Улыбаясь сквозь усы и темную курчавую бородку, чуть щуря бойкие, веселые глаза, он встал за высокую трибуну.
— Мне, бывшему царскому полковнику Генерального штаба, добровольно вступившему на службу в ряды Красной Армии и в партию коммунистов, — сказал он, — сейчас прежде всего хочется безраздельно отдать свой опыт военного специалиста молодым красным командирам. Вот почему я решил выступить с этой кафедры перед вами.

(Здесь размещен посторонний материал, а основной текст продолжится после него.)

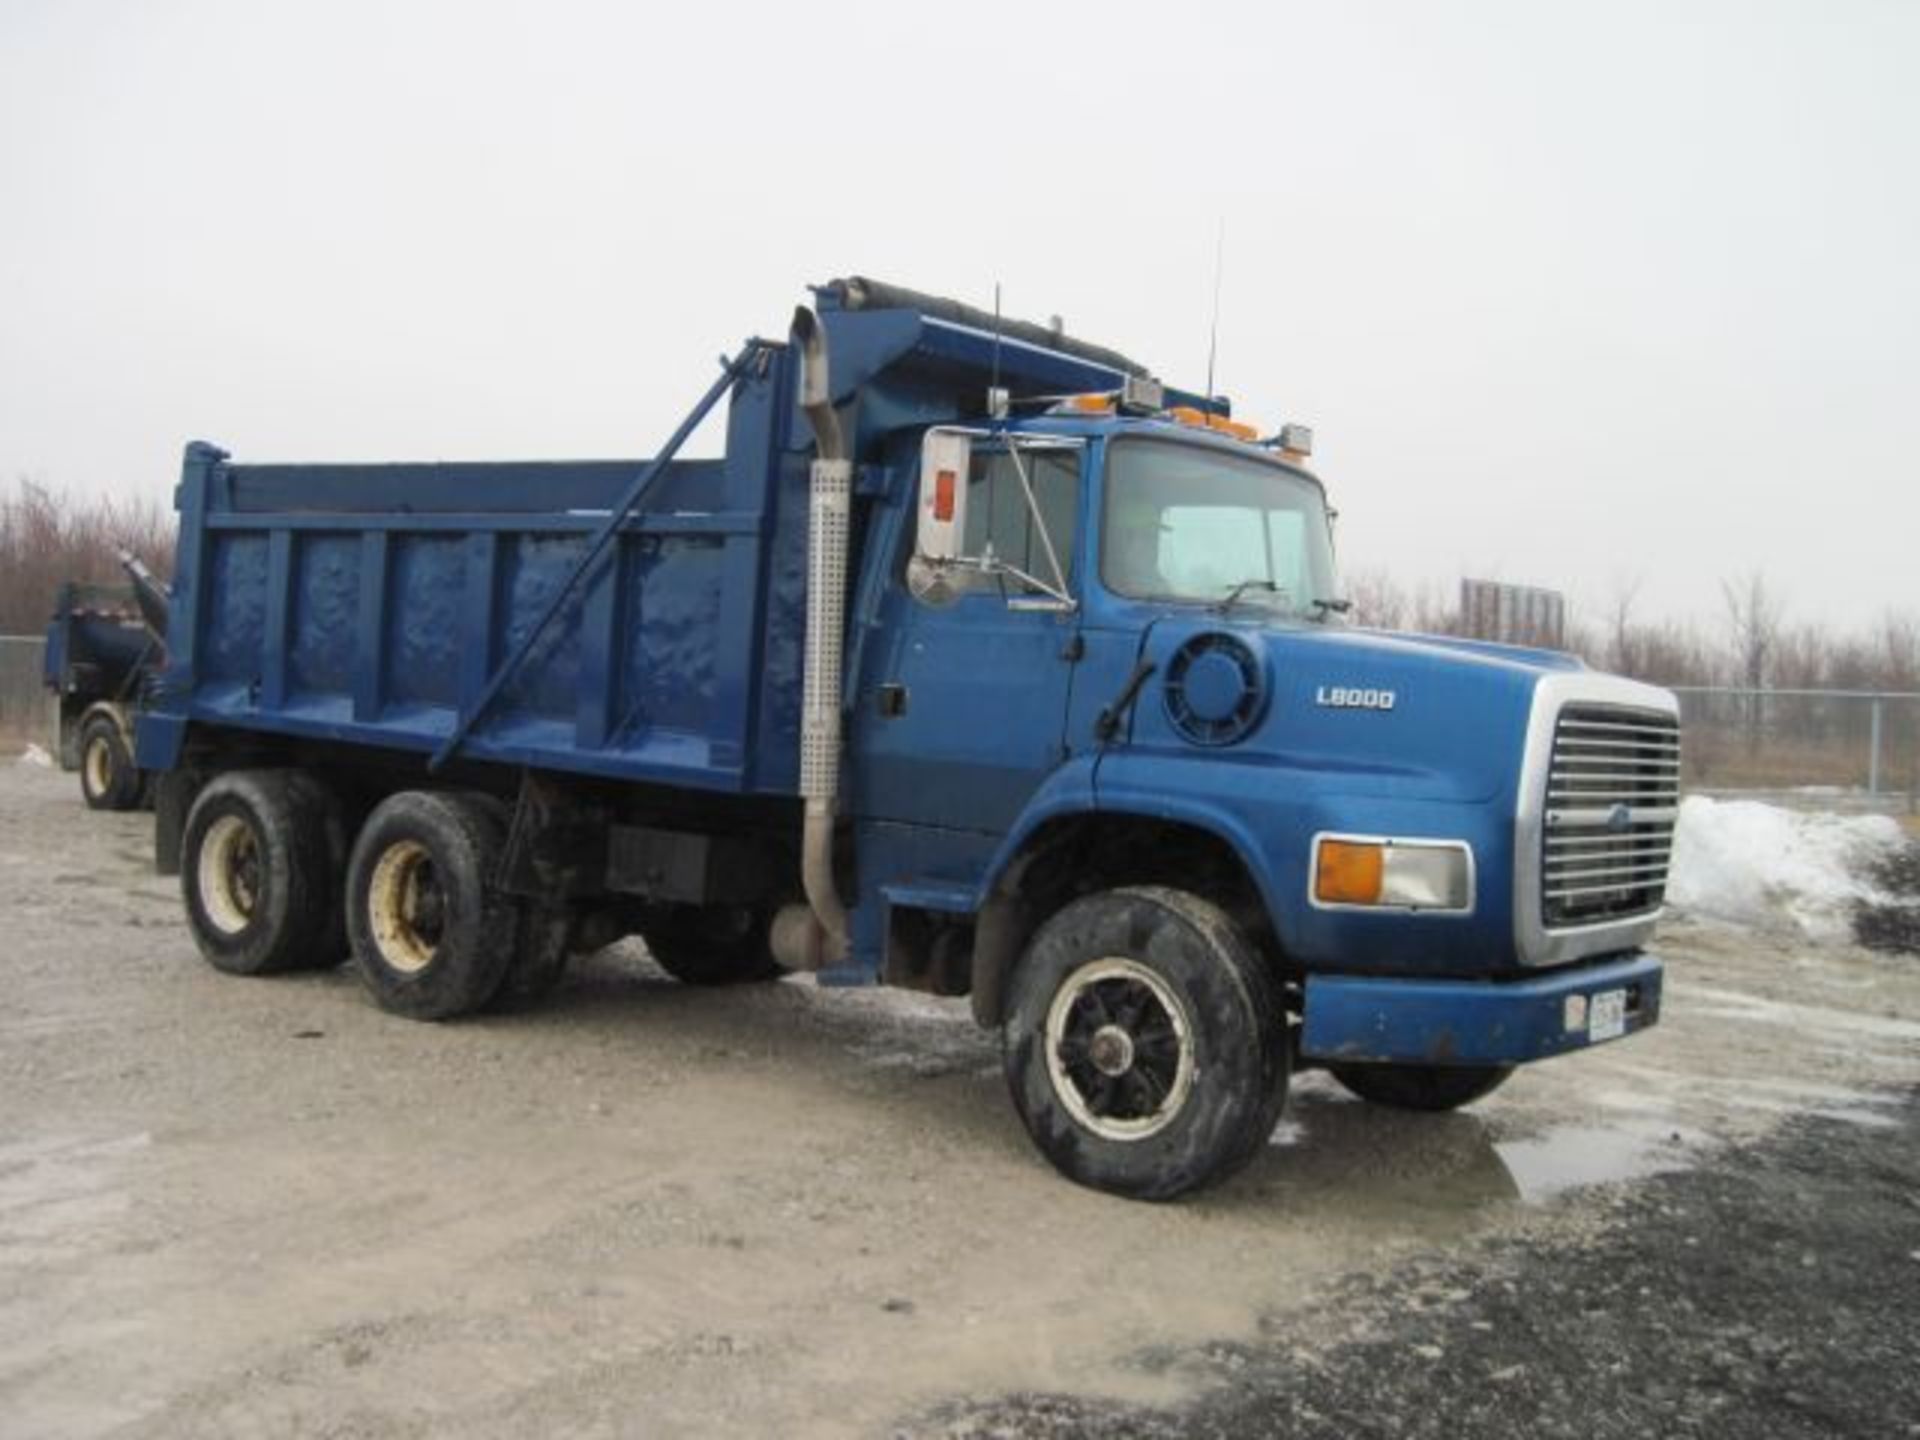 Lot# 110 1996 Ford L8000 Dump Truck 1996 Ford L8000 Dump Truck, 501227Km, Vin# 1FDYS82E2TVA18314 - Image 3 of 5

В зале раздались одобрительные хлопки.
— Я только что вернулся из Царицына, — начал рассказывать Егоров. — Там я наблюдал немало героического, видел много незабываемого. Но Царицын сдан. Мы отступили и во время отступления потеряли немало материальных ценностей. И это произошло прежде всего потому, что в красных частях еще нередко окружают рабским преклонением и восторгом тех, кто в действительности являются злыми «гениями» армии. Этими злыми «гениями» чаще всего бывают те самозваные командиры-честолюбцы, которые, ослепляясь собственным «авторитетом», действуют вопреки воле и распоряжениям штабов армии и фронта. Они видят в наших командармах предателей, паникуют, уводят с фронта свои части, бронепоезда, эшелоны. Коммунистам, красным комиссарам в первую голову надо избавить армию от честолюбцев, самовольничающих и не отрешившихся от партизанских повадок восемнадцатого года.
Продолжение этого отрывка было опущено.